Full-text Search Options¶
Fuzzy Search¶
In a table with firstname and lastname, find matches that tolerate minor inversions from user input, such as
WHERE lastname = 'bronw'
, while the record actually includeslastname = 'brown'
.
When accepting user input, a common approach in information retrieval to
compensate for search or spelling corrections, is to apply fuzzy searching.

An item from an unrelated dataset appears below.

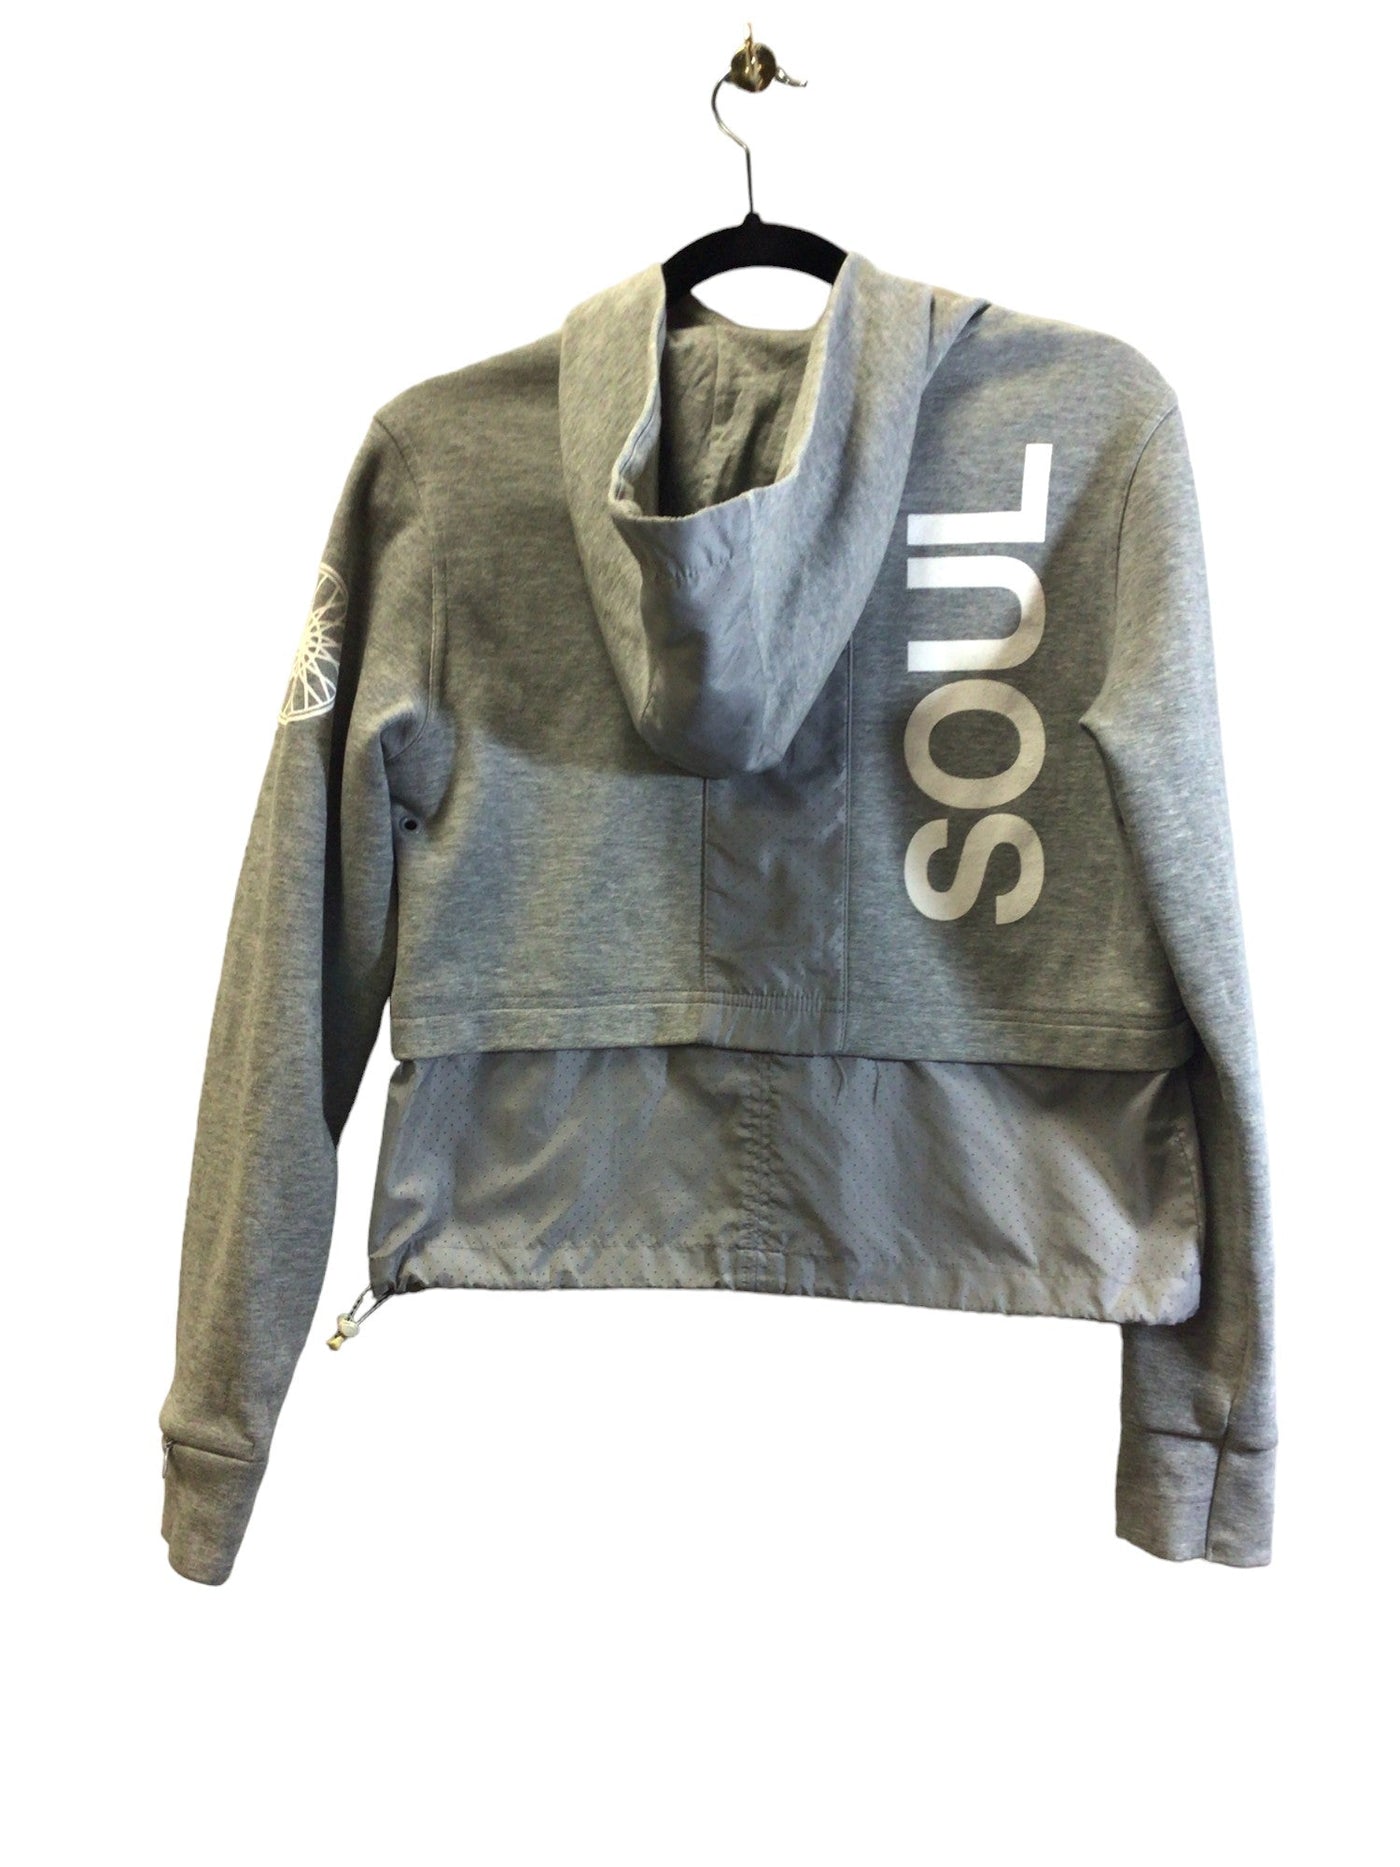 NIKE Women Activewear Jackets Regular fit in Gray - Size S | 16.5 $ KOOP

CrateDB’s MATCH function accepts a fuzziness
option which provides that
feature.
Examples
Using a single fulltext index.
-- Start with a blank canvas.
DROP TABLE IF EXISTS person;
-- Define table schema, using a full-text index on the "lastname" column.
CREATE TABLE person (
firstname VARCHAR,
lastname VARCHAR,
INDEX lastname_ft USING FULLTEXT (lastname));
-- Provide a few samples worth of data.
INSERT INTO person (firstname, lastname)
VALUES ('charly', 'brown'), ('charly', 'braun'), ('charly', 'browne');
-- Synchronize writes.
REFRESH TABLE person;
-- Invoke a full-text query including a typing error.
SELECT firstname, lastname, _score
FROM person
WHERE MATCH(lastname_ft, 'bronw') USING best_fields WITH (fuzziness=2)
ORDER BY _score DESC;
+-----------+----------+------------+
| firstname | lastname | _score |
+-----------+----------+------------+
| charly | brown | 0.18904014 |
| charly | browne | 0.18904014 |
+-----------+----------+------------+
SELECT 2 rows in set (0.009 sec)
Using two fulltext indexes within a single query, and two typos.
-- Start with a blank canvas.
DROP TABLE IF EXISTS documents;
-- Define table schema, using two full-text indexes on the "name" column.
CREATE TABLE documents (
name STRING PRIMARY KEY,
description TEXT,
INDEX ft_english
USING FULLTEXT(description) WITH (
analyzer = 'english'
),
INDEX ft_german
USING FULLTEXT(description) WITH (
analyzer = 'german'
)
);
-- Provide a few samples worth of data.
INSERT INTO documents (name, description)
VALUES
('Quick fox', 'The quick brown fox jumps over the lazy dog.'),
('Franz jagt', 'Franz jagt im komplett verwahrlosten Taxi quer durch Bayern.')
;
-- Synchronize writes.
REFRESH TABLE documents;
-- Invoke a full-text query on both indexes.
SELECT name, _score
FROM documents
WHERE MATCH((ft_english, ft_german), 'jupm OR verwrlost')
USING best_fields WITH (fuzziness=1)
ORDER BY _score DESC;
+------------+------------+
| name | _score |
+------------+------------+
| Franz jagt | 0.10170578 |
| Quick fox | 0.06538229 |
+------------+------------+
SELECT 2 rows in set (0.017 sec)
Todo
Describe other full-text search options.